Wednesday, October 26, 2011

Young Girl Don't Cry...

I don’t understand it. I just don’t understand it. I can’t even begin to comprehend how people can be so cruel to another person, let alone their own child. Last night I read A Child Called “It”. Yeah. All of it. For those of you who don’t know, A Child Called “It” is about the true story of one of the worst child abuse cases ever recorded in the state of California. The third worst case to be exact. If a mother burning, starving, and isolating her child is only the third worst, I don’t even want to know what the second and first were. Reading this book made me want to buy the biggest castle in the world and be Mommy to every abused child in the world.

Baby girl <3
Some people just weren’t meant to be parents. Maybe it wasn’t their choice to become a parent, but that justifies nothing. I just can’t comprehend how a parent can look into the face of their child and then beat them within an inch of their life or scream at them until it causes them to run crying from the house.

Run. Sobbing. From their own house. I saw this tonight with my best friend. I won’t share details, but she's not going home tonight, and it breaks my heart to see her this way. Parents. Whether or not it was your choice to take on the title “Mom” or “Dad”, protect your kids with every last fiber of your being and tell them you love them every day. You have no idea how much kids need it and the negative effects it can have on them if they don’t feel loved.

Wednesday, October 19, 2011

Bittersweet

Too Hyper
Too Exhausting
Too Naive
Too Happy
Too Loud
Too High-Pitched
Too Much


Not Smart Enough
Not "Cool" Enough
Not Funny Enough
Not  Mature Enough
Not Calm Enough
Not Motivated Enough
Not Good Enough


Obnoxious
Annoying
Bothersome
Irritating
Galling
Boisterous
Immature
Abrasive


Why is this all anyone has to say about me these days?
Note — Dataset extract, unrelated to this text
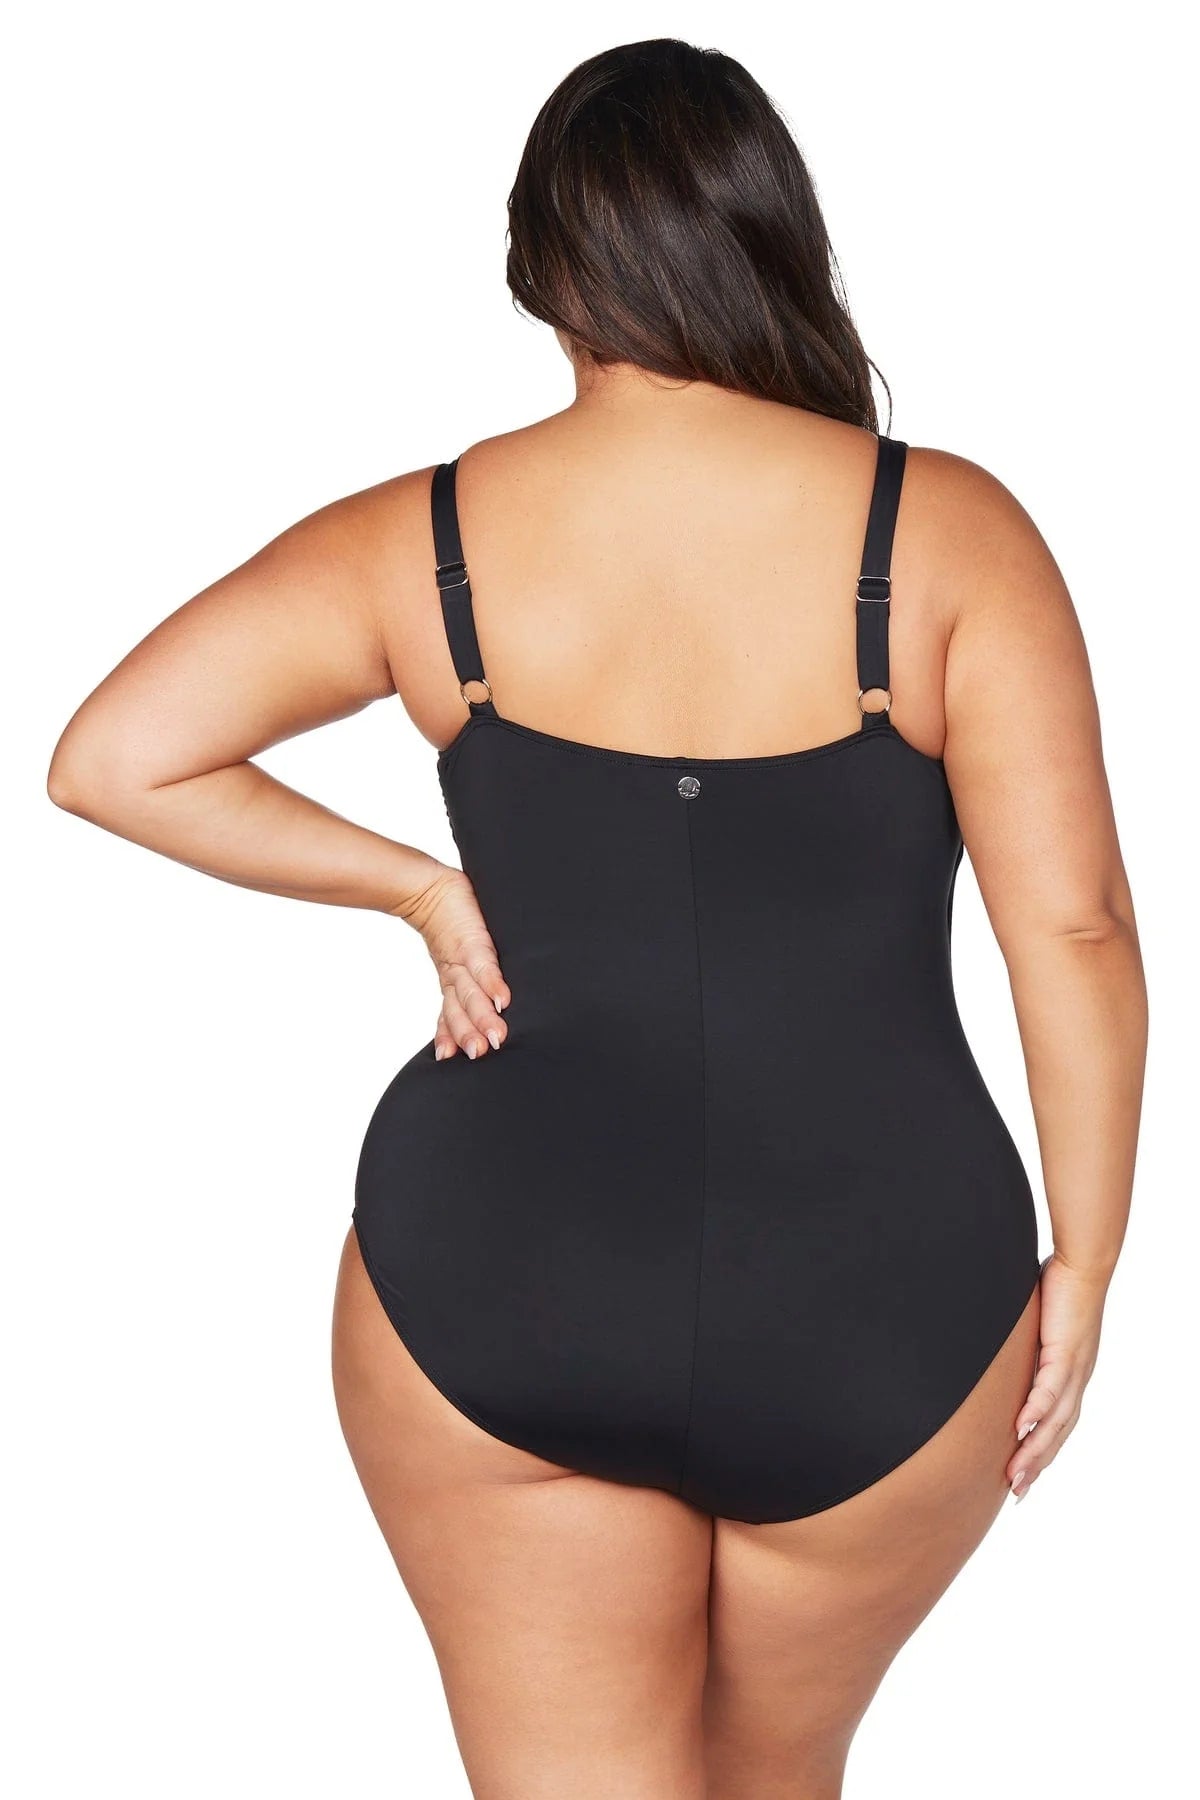 Artesands Hues Hayes Underwire One Piece – FA 14 plus

I thought I had more to offer than this. Maybe you don't mean to tear me down this way, but it hurts all the same. I try to be sweet, loyal, optimistic, and fun. So why is it that all anyone can remember is that I'm obnoxious and naive? Why doesn't anyone love me as fiercely as I love them? Why aren't I good enough? Why can't I be someone's favorite for once? Why am I taken for granted, stepped on, overlooked, and abandoned? Why is it so easy to leave me? Why can't anyone accept and love me for exactly who and what I am? 




What am I doing wrong...

Monday, October 17, 2011

Stop Everything

Stop telling me I shouldn’t care.
            You think I don’t know this? Well guess what. I do, and I can’t help it. If it were that easy to stop, don’t you think I would have by now? It’s not and I can’t.

Stop telling me I’m being selfish.
            I’m human. It happens sometimes. I don’t want to feel this way, but guess what. I do.
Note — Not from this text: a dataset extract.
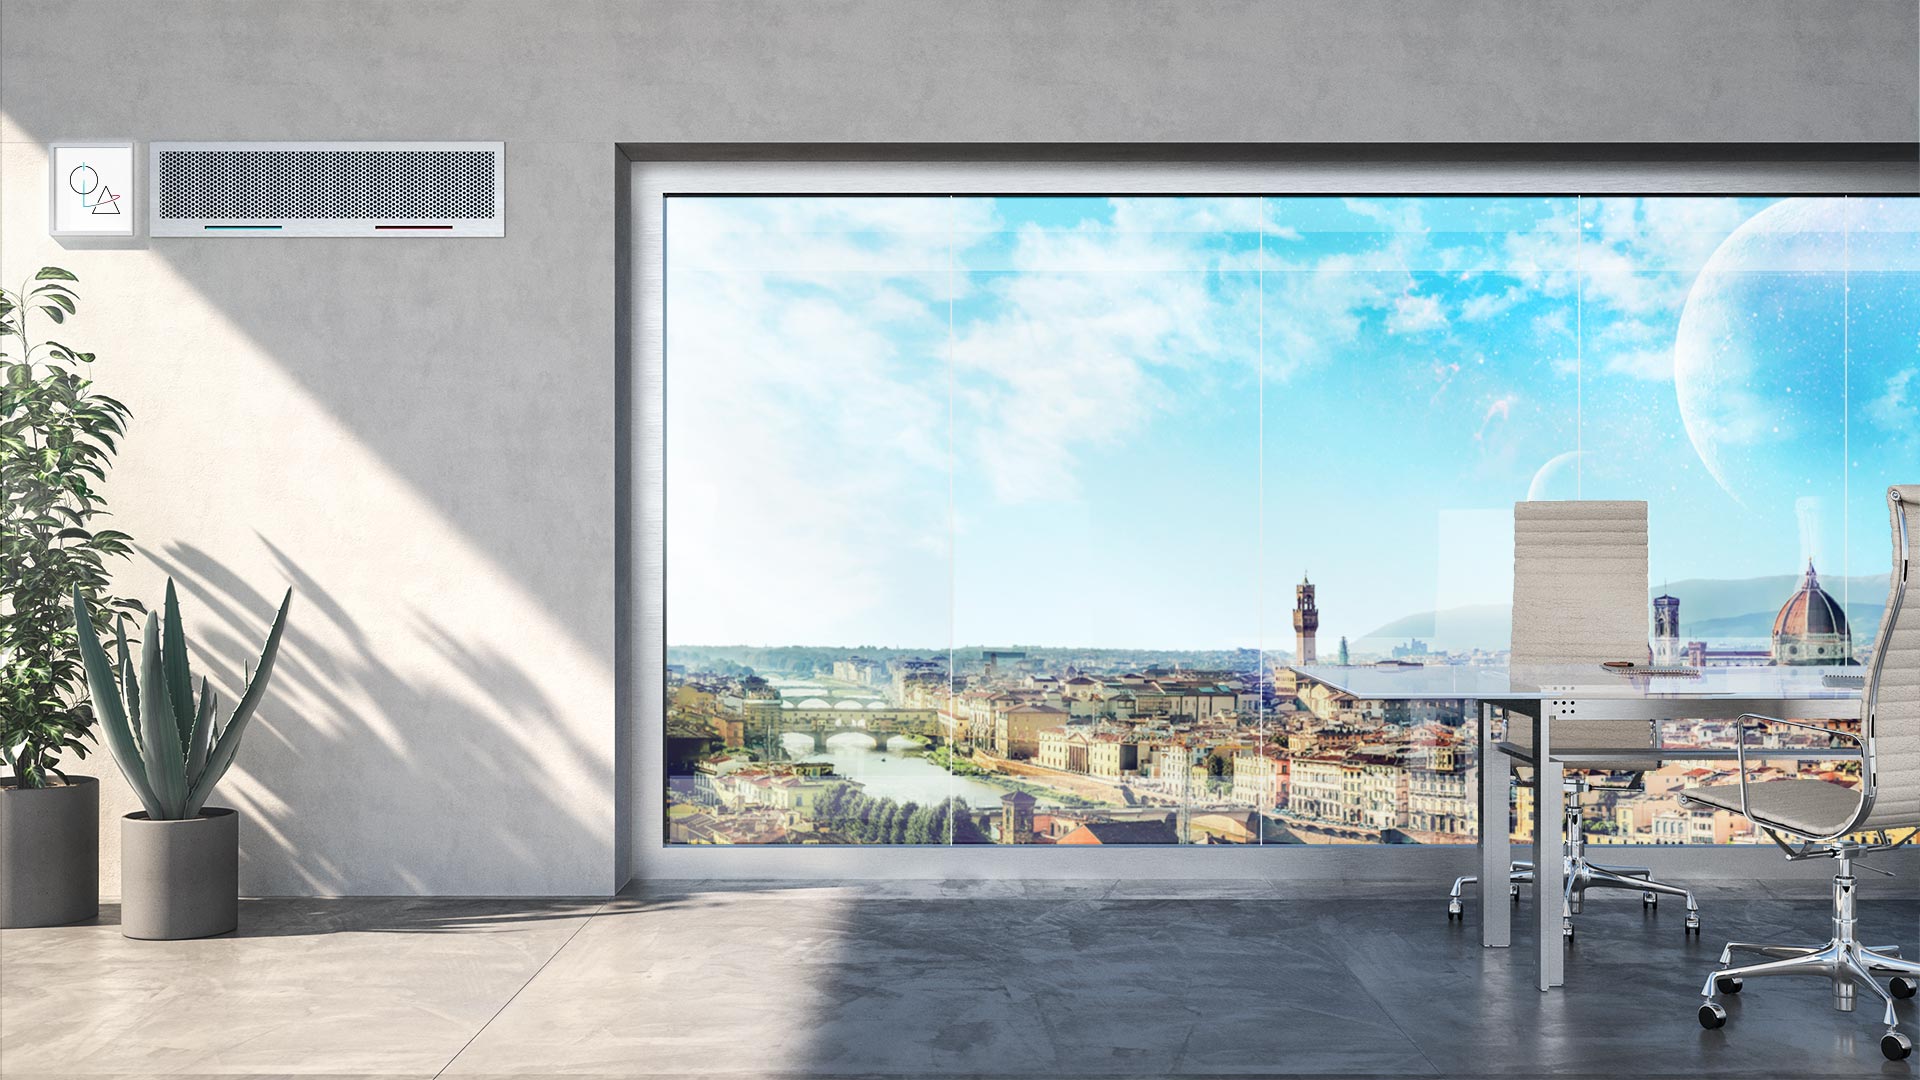 Image of an office room with a window on a city of the future. In the room there is an air conditioner to express the idea of sanitation through ventilation and air conditioning systems.

Stop telling me it was my choice.
            It wasn’t a choice I wanted to make. It was just the only one I had. What was I supposed to do? Stick around and be miserable? Take the abuse? Even if it was “my choice” that doesn’t make this ok. This was YOUR choice that you knew was a bad idea.

Stop telling me it “just happened”.
            Spontaneous combustions “just happen”. Not this. You knew this would happen, but made no effort to stop it. There’s no way you didn’t feel this happening, but pushed on anyway.
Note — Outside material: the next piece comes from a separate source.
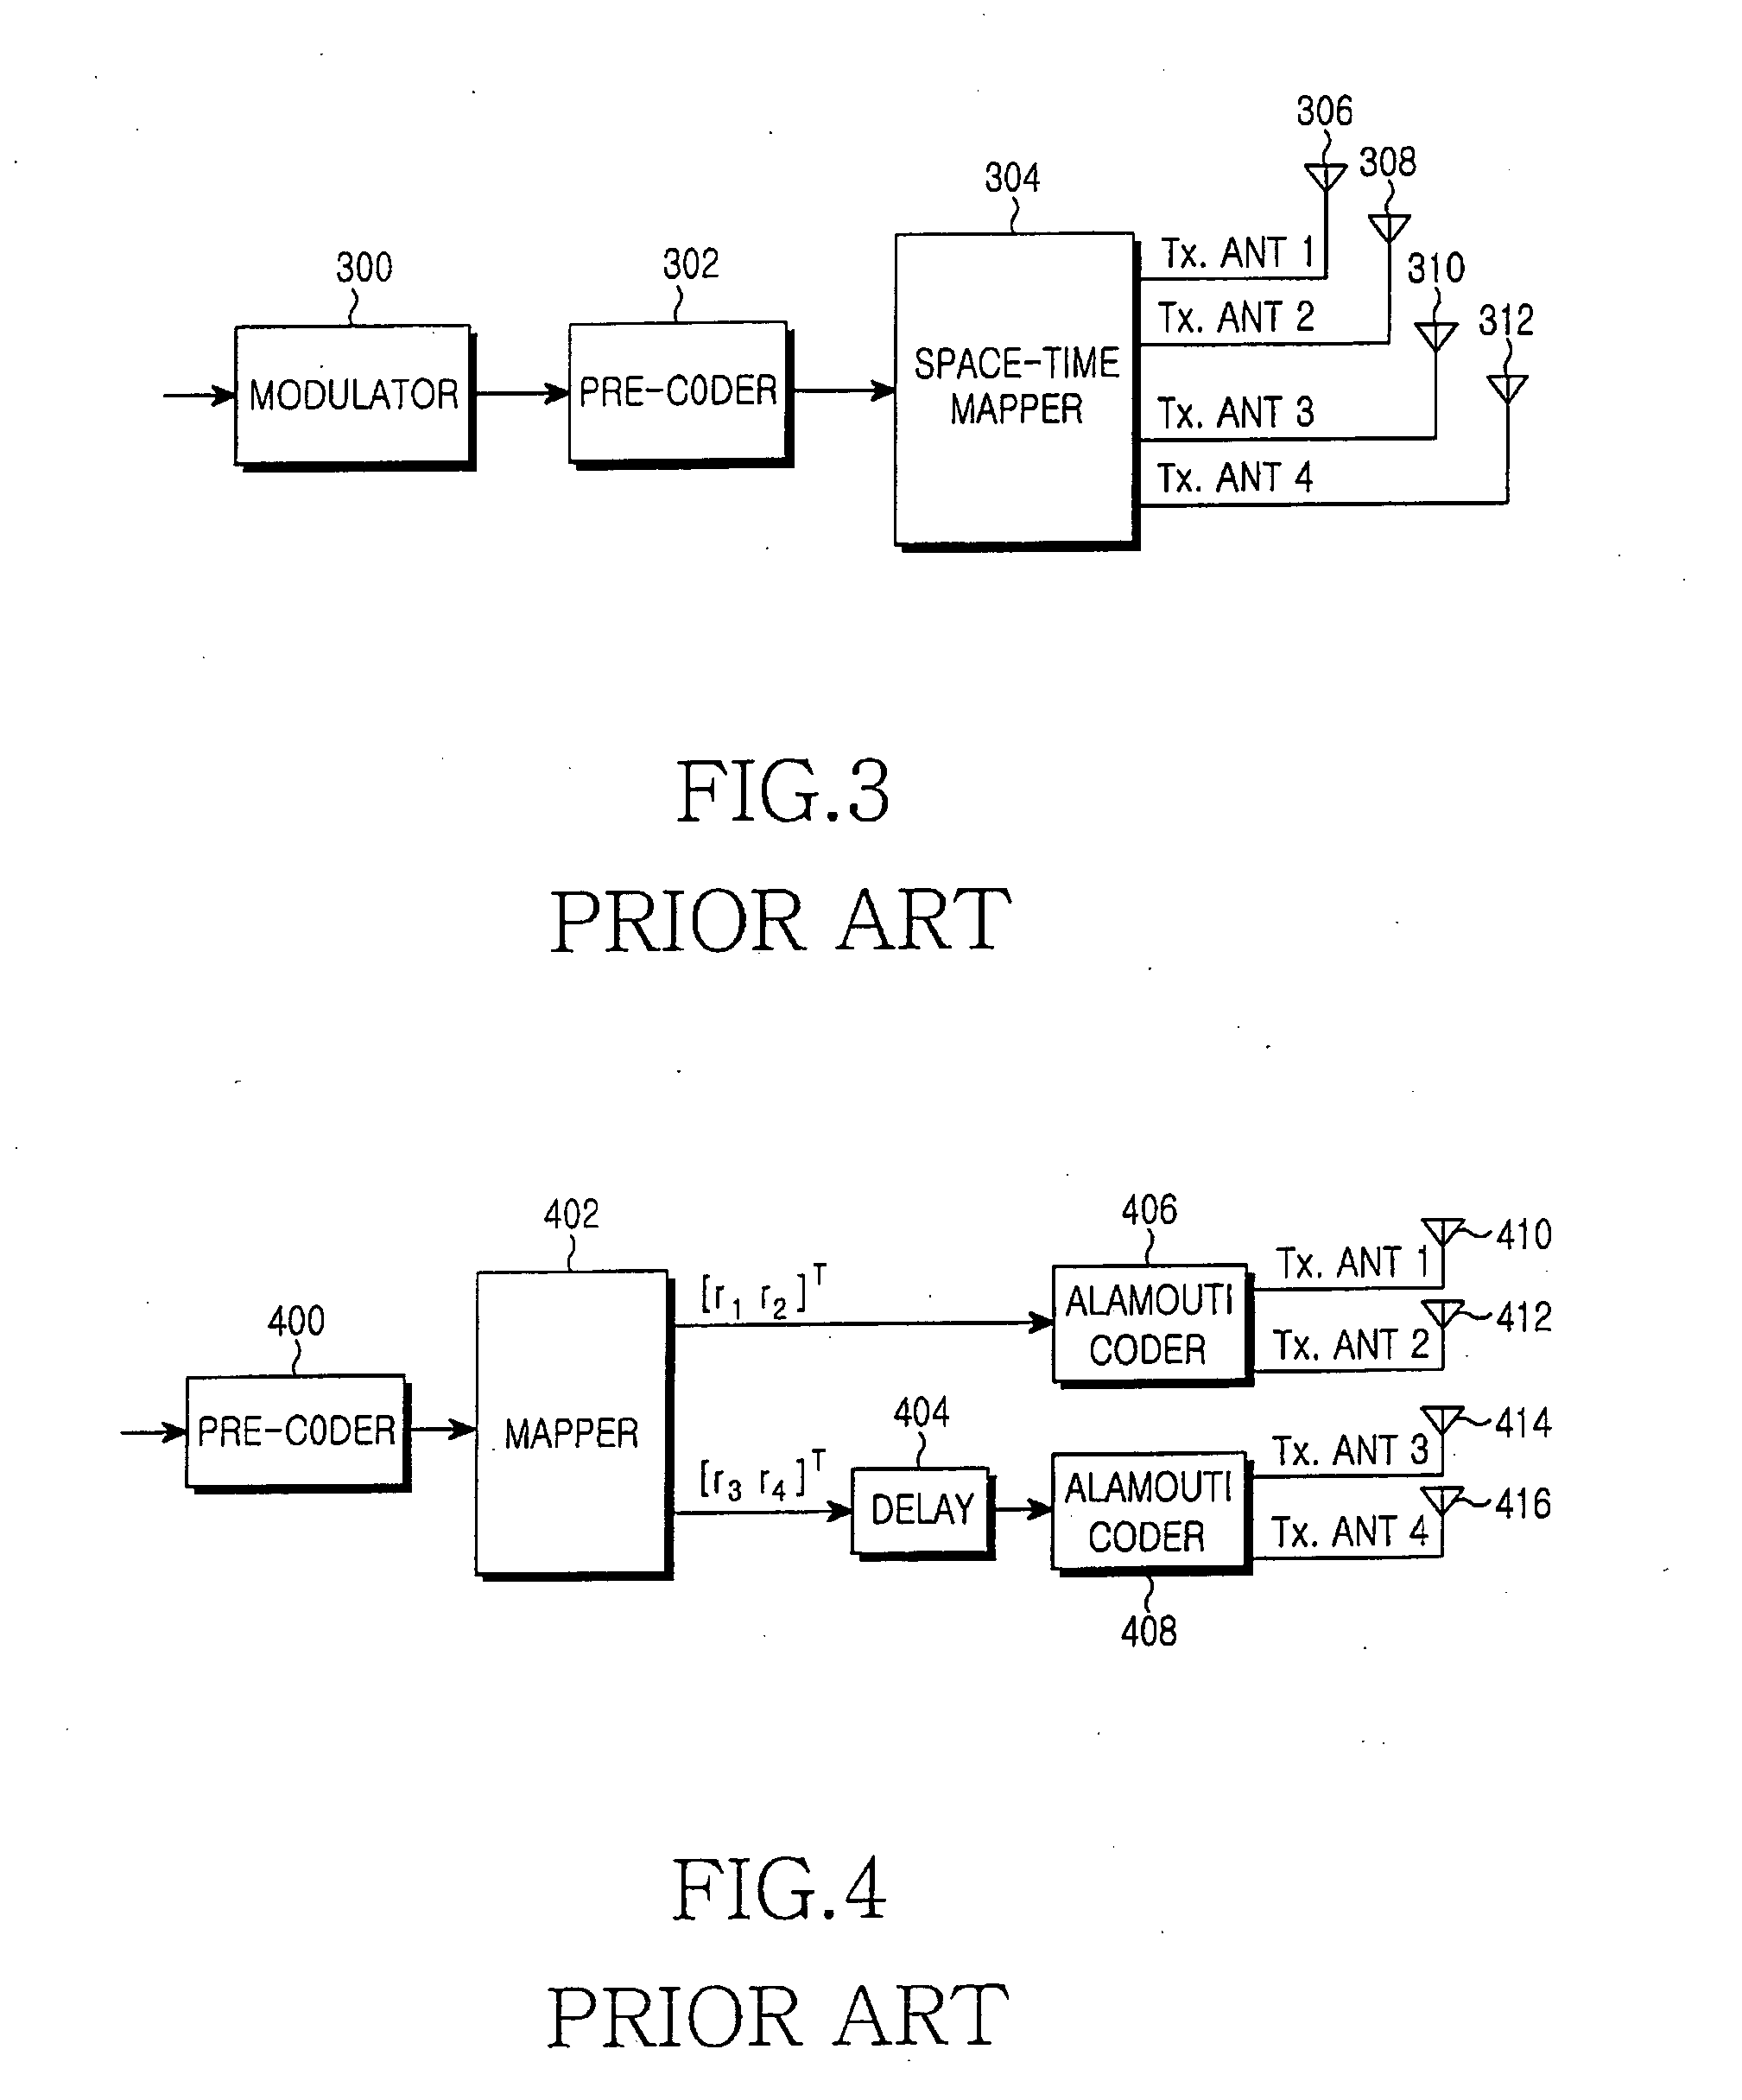 Apparatus and method for space-time block coding for increasing coding gain

Stop telling me I should be over it.
            I’m trying. It’s not that easy. Let’s see you deal with this and try to let it go. I’m doing the best I can. Telling me this is not helping me get there any faster.

Stop telling me I was the one who ended it all.
            I HAD NO OTHER CHOICE.

Stop telling me to “be realistic”.
            I know what’s realistic. Just shut up and let me vent. I don’t open up for judgment.  I open up so I don’t explode from keeping everything so bottled up all the time.

Just stop.

Wednesday, October 5, 2011

The "W"s...

To my “best friend”,

                                    Why?
Why can’t I rely on you when I’m hurting?
Why am I there for you, but when it’s my turn to hurt you can’t handle it?
Why do you push me away and then greet others so warmly?
Why won’t you talk to me when you’re upset with me?
Why are you choosing the one who hurt me over me?
Why don’t you love me as much as I love you?
Why do you abandon me?

To the boy who “loved” me,

                                    How?
How can you spend hours a day talking to me, sharing secrets and stories and not care?
How can you just leave and forget me?
How can you complain about the girls who hurt you then ignore the one who truly cared?
How can you choose momentary pleasure over someone who wants to make you smile forever?
How can I mean so little to you?
How can you say the things you do, let me believe them, take it all away, and still sleep at night?

To the person who “wanted to be friends”,
                       
                                    Who, What, When?
Who are you to judge me? To tell me what my issues are?
What right do you have to be so cold to me, when I’m just trying to be friendly?
When are you going to let go and grow up?
What makes you think you’re in any position to think you’re above me?
When will you open your eyes?
What happened to you?

To anyone who will answer,

                                    Where?
Where are the people who will mean what they say?
Where are the people who actually care?
Where did the understanding of “loyalty” go?









                                                                  Or maybe it’s me...
What's wrong with me?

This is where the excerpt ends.